Mike Kueber's Blog

July 29, 2010

A jury of one’s peers and jury duty

Trial by jury is one of the fundamental rights guaranteed to all Americans by two amendments to the U.S. Constitution – the 6th Amendment concerns criminal prosecutions and the 7th Amendment concerns civil suits.  Although there is nothing in the Constitution about “a jury of one’s peers,” American courts have interpreted the right to a jury to mean that a jury must be selected from a diverse pool of citizens who live in the jurisdiction.  For reasons best understood by the U.S. Supreme Court, the 6th Amendment (criminal prosecutions) applies to both state and federal courts, while the 7th Amendment (civil suits) applies to only federal courts.  This means the states have great latitude in deciding the composition of juries for civil suits.
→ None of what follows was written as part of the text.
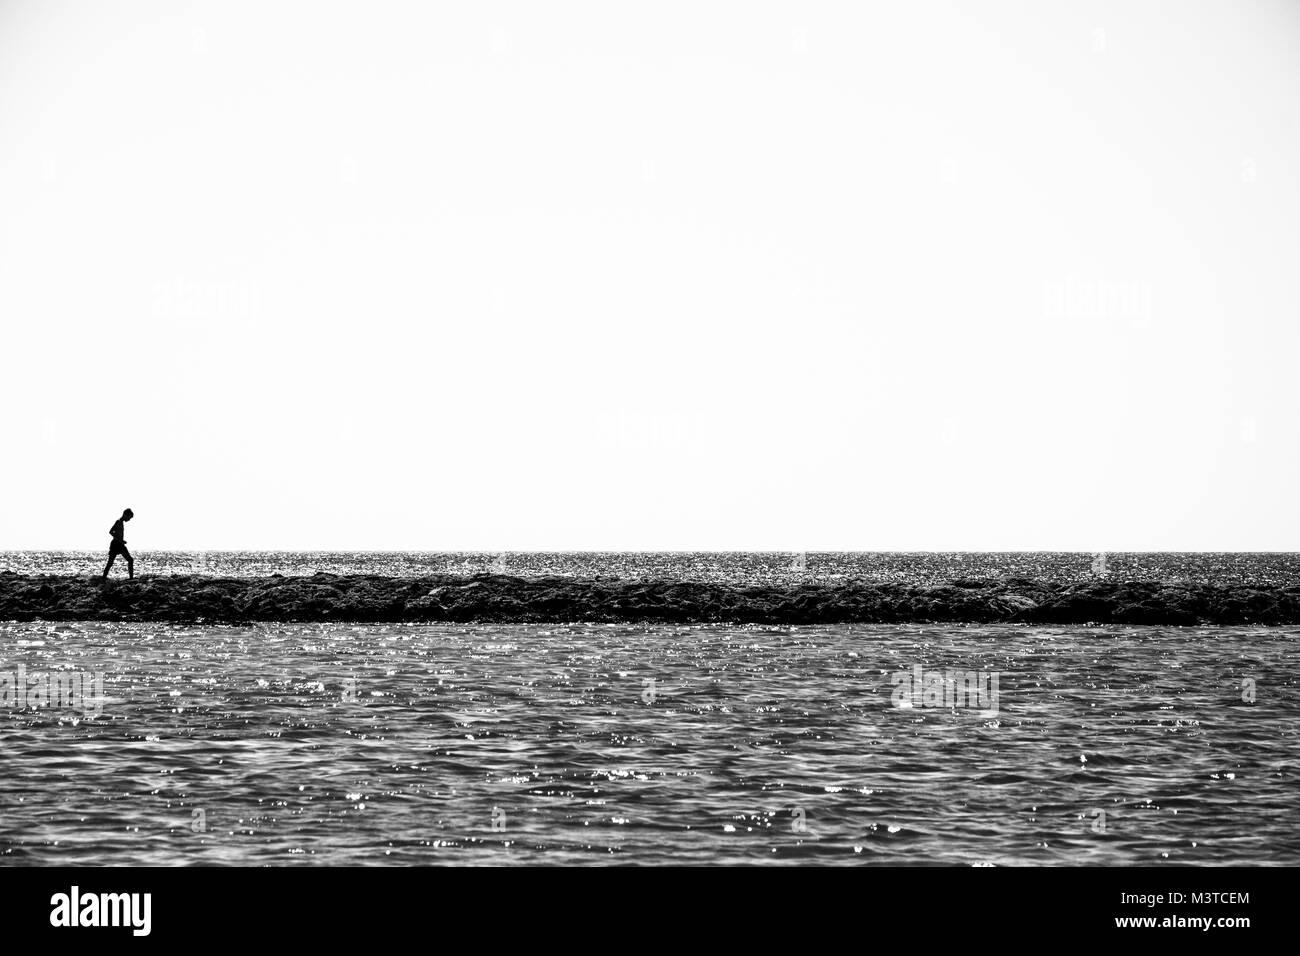 Lonely child walks on a thin coastline minimalistic black and white photo stock

Historically, most courts drew their jury pools from their lists of registered voters, but in recent years, there has been a trend to expand the pool to include people with a driver’s license.  Texas made this change in 1993, at which time it required counties to draw their jury pools from a combined list of registered voters and licensed drivers in the county.  The reaction to this change was mixed – some preferred the broadened list because they felt it produced a “jury of one’s peers”; whereas others opposed the broadened list because it brought in potential jurors who didn’t even have enough civic responsibility to register to vote.
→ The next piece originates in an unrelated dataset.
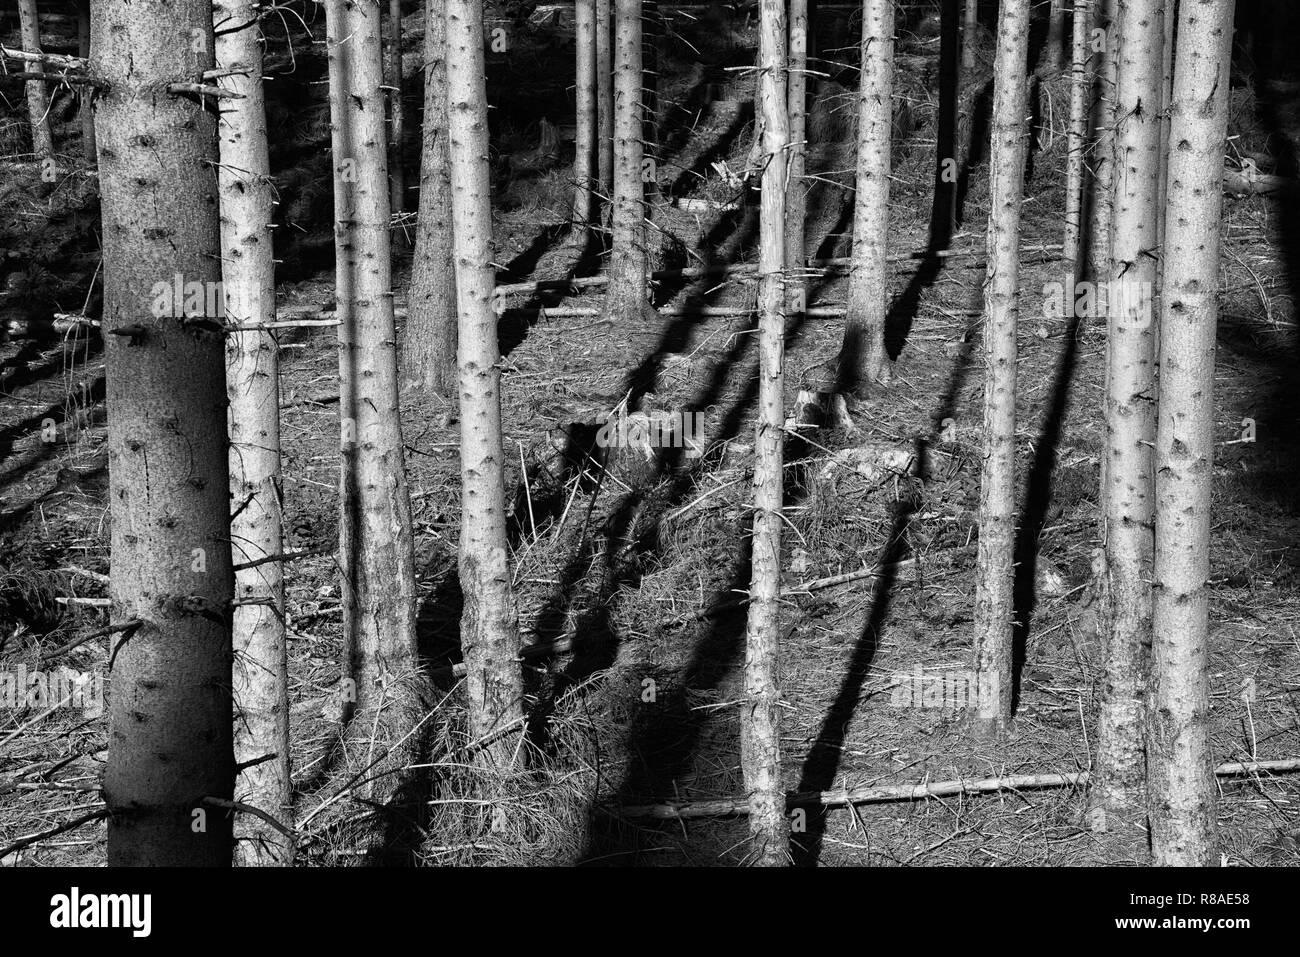 Coniferous forest near Bad Karlshafen, Upper Weser Valley,  Weser Uplands, Weserbergland, Hesse, Germany, Europe - Stock Image

I think the danger of a broadened jury pool is being exposed by the crazy verdicts that are becoming commonplace.  By including in the jury pool non-voters who tend to be disgruntled and disillusioned, we are empowering people who lack the temperament and judgment to act wisely, responsibly, and judiciously.  In fact, I have known people who would refrain from registering to vote solely so they could avoid jury duty.  Why do we want them on a jury, deciding life & death or multi-million dollar lawsuits? 

I propose that the American system of justice would improve if we returned to drawing the jury pool from a list of registered voters.  Sure, it would be desirable to change the thinking of non-voters, but that has nothing to do with requiring non-voters to be in the jury pool.  Change their thinking first; then place them in a jury pool.